Born in London in 1953 to a Hong Kong banker and his wife, Andy and his family moved to Hong Kong when he was 9, attending schools there through high school. At age 19, he fulfilled his long-term plan of emigrating to Japan where his dream was to study medicine. He ended up in Nagoya in 1971 when he immediately began full-immersion study of the Japa­nese language. He took his “”SAT” exams in Japanese and in ’74 entered National Gifu University, having passed all his tests in what had quickly be­come fluent Japanese.

“Since I didn’t come from a wealthy family, I had to work my way through school,” Andy recalls “My best job was teaching English in a Berlitz school in Nagoya. My worst? Well, it had to be when I was a waiter in a Chinese restaurant…though I later became an apprentice assistant cook. It’s funny, but that early training stayed with me. I still love to cook.”

He graduated from the Gifu school in 1981, study­ing on a Rotary Foundation scholarship for three years, 1975-78, then on to gradute school on a Mombusho scholarship for four more, 1981-85. For a while he specialized as an oncologist working with youngsters at a children’s orothopedic clinic. Andy interned for a while at Nagoya University learning micro-surgery He achieved his Ph.D. in orthopedic surgery in 1986, then specializing in cosmetic medicine and reconstructive surgery, completing his work in 1988.

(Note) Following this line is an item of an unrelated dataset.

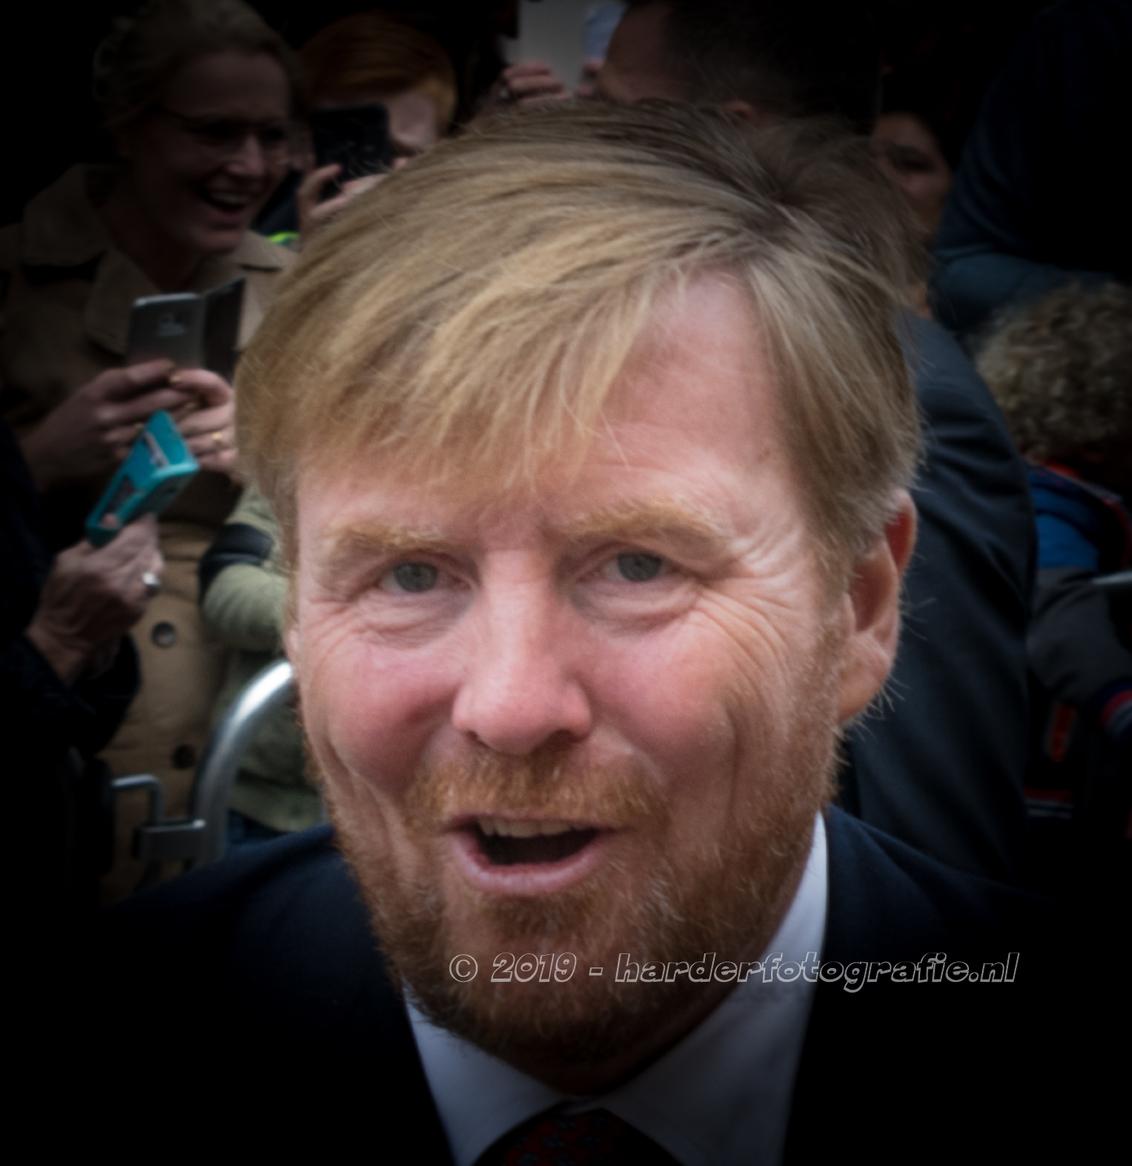 Oogcontact - Oogcontact - Koning Willem-Alexander bracht samen met Koningin Máxima een bezoek aan Meppel. Vele handen werden geschud. En als je dan tussen het pub - foto door deharder op 21-09-2019 - deze foto bevat: man, straat, koning, meppel, Willem Alexander

He opened his first clinic in Ichinomiya in Aichi-ken before moving to Tokyo’s Roppongi district in 1989.

These days, his offices are located behind the IBM Building at 3-4-7 Roppongi. Next December, he will celebrate the 10 anniversary of the establishment of his clinic. His telephone number is 5563-0721.

As for his continuing high medical standards in his practice, Dr. Andy says, “I want my patients to feel perfectly relaxed and safe, so I use only very experi­enced attending physicians when I perform surgery. Most of them are renowned specialists in their fields. For this reason, I have never had a complication in any of my procedures.

“I believe that my training and work overseas with the most needy of people benefits my Tokyo patients because I am exposed to so many different techniques used throughout the world. We use field dressings, older more traditional procedures and new develop­ments—thus, I feel I can bring the best procedures available anywhere to my patients here at home.”

His procedures cover the gamut of cosmetic surgi­cal practices with facial contouring, body sculpting and rejuvenation work.

If any Weekender readers might be interested in contributing to Dr. Andy’s humanitarian endeavors, he would like to talk to you about his upcoming trips and some ways for you to help alleviate suffering in the Third World. He would also like to expound on the Rotary Club’s activities and good works which he supports as avidly today as the Rotarians supported him in his youth.